Майя встала, накинула на плечи шаль.
– Извините, Кузьма Николаич. Я наверно, скоро.
– Давай, давай. Я посижу.
Майя ушла с женщиной.
Родионов пододвинул к себе какую-то книгу, полистал, посмотрел заглавие: «Байрон. Избранное». Отодвинул книгу, навалился грудью на стол, положил голову на кулаки, попытался собраться с мыслями. Решил выделить что-то самое главное для себя сейчас. Но в мозгах все перепуталось, переплелось. Тут же подумалось и о посевной, и о дочери, и о лебяжинском мосте, опять о посевной, об Ивлеве, опять о дочери, о Майе, даже об ее отце-доценте… И все как-то неопределенно думалось, рвано. Тяжело было на душе, смутно. И болит сердце, физически болит.
«То ли старею, то ли устал крепко», – подумал он. Прикрыл глаза.
В сенях послышались чьи-то шаги. Родионов вскинул голову.
Вошел Юрий Александрович.

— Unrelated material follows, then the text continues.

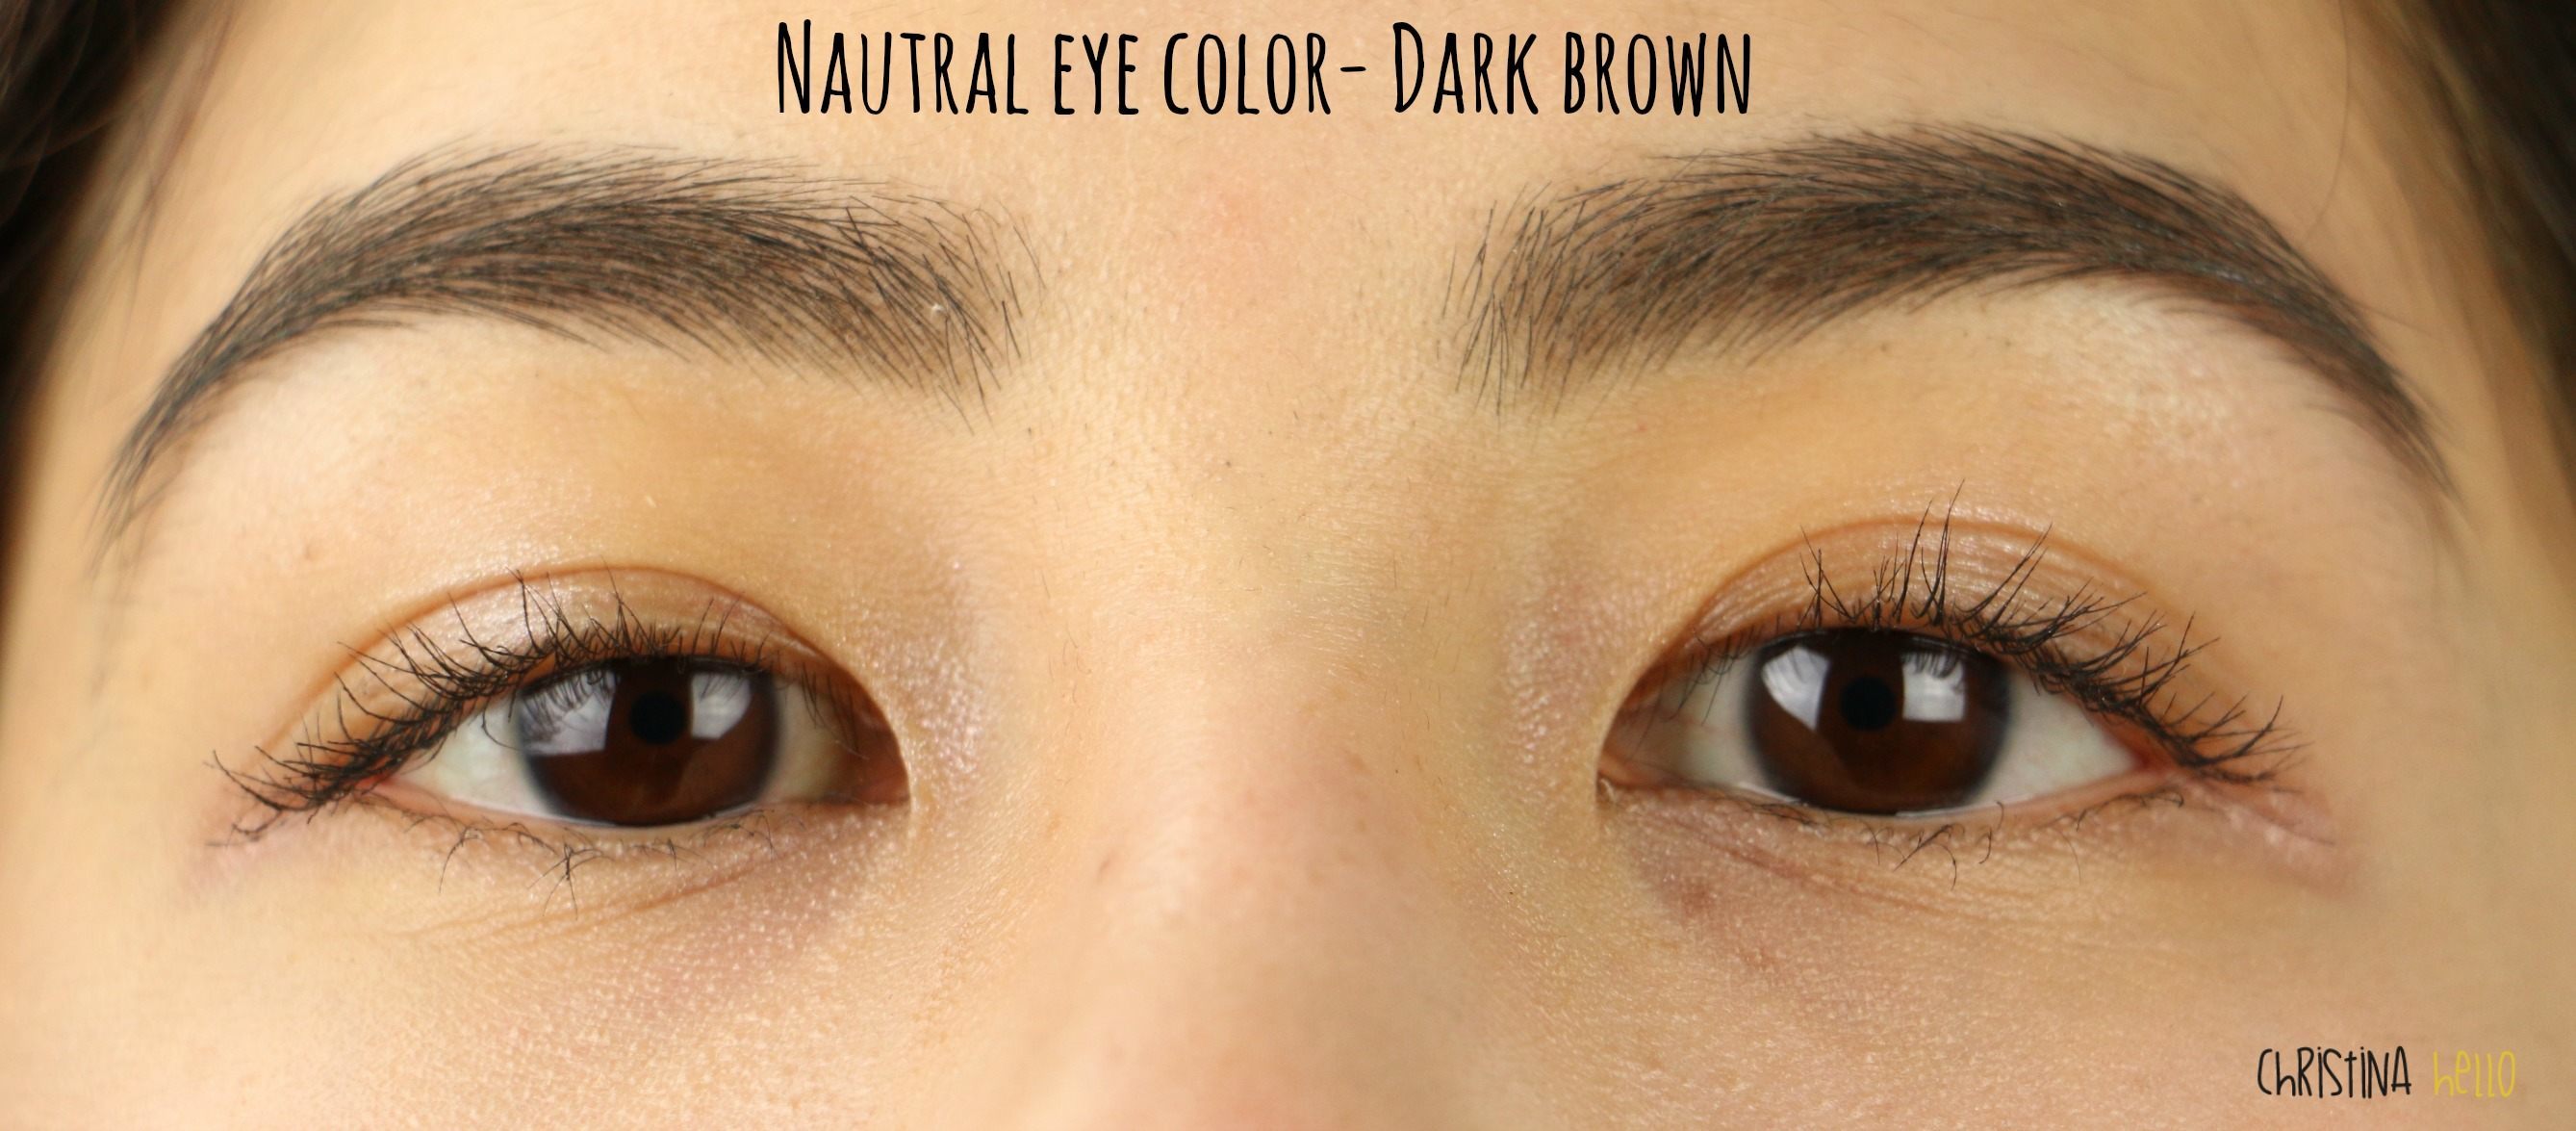 freshlook colorblends brown on black eyes

Очень удивился, увидев секретаря райкома, заметно растерялся… И от растерянности улыбнулся и сказал громко:
– Добрый вечер, товарищ секретарь!
– Здравствуй.
Юрий Александрович, не снимая плаща, сел к столу, положил перед собой шляпу.
– Ко мне жена твоя приходила, – сразу начал секретарь, в упор, внимательно глядя на учителя. – Что у тебя происходит?
Юрий Александрович невольно окинул быстрым взглядом комнату, остановился на некоторых вещах жены… Опять посмотрел на секретаря. Он растерялся совсем. Он не мог представить себе раньше, что когда-нибудь вот так, с глазу на глаз будет беседовать с секретарем Родионовым о своих отношениях с Марией – с дочерью одного секретаря, с женой другого. Положение пиковое.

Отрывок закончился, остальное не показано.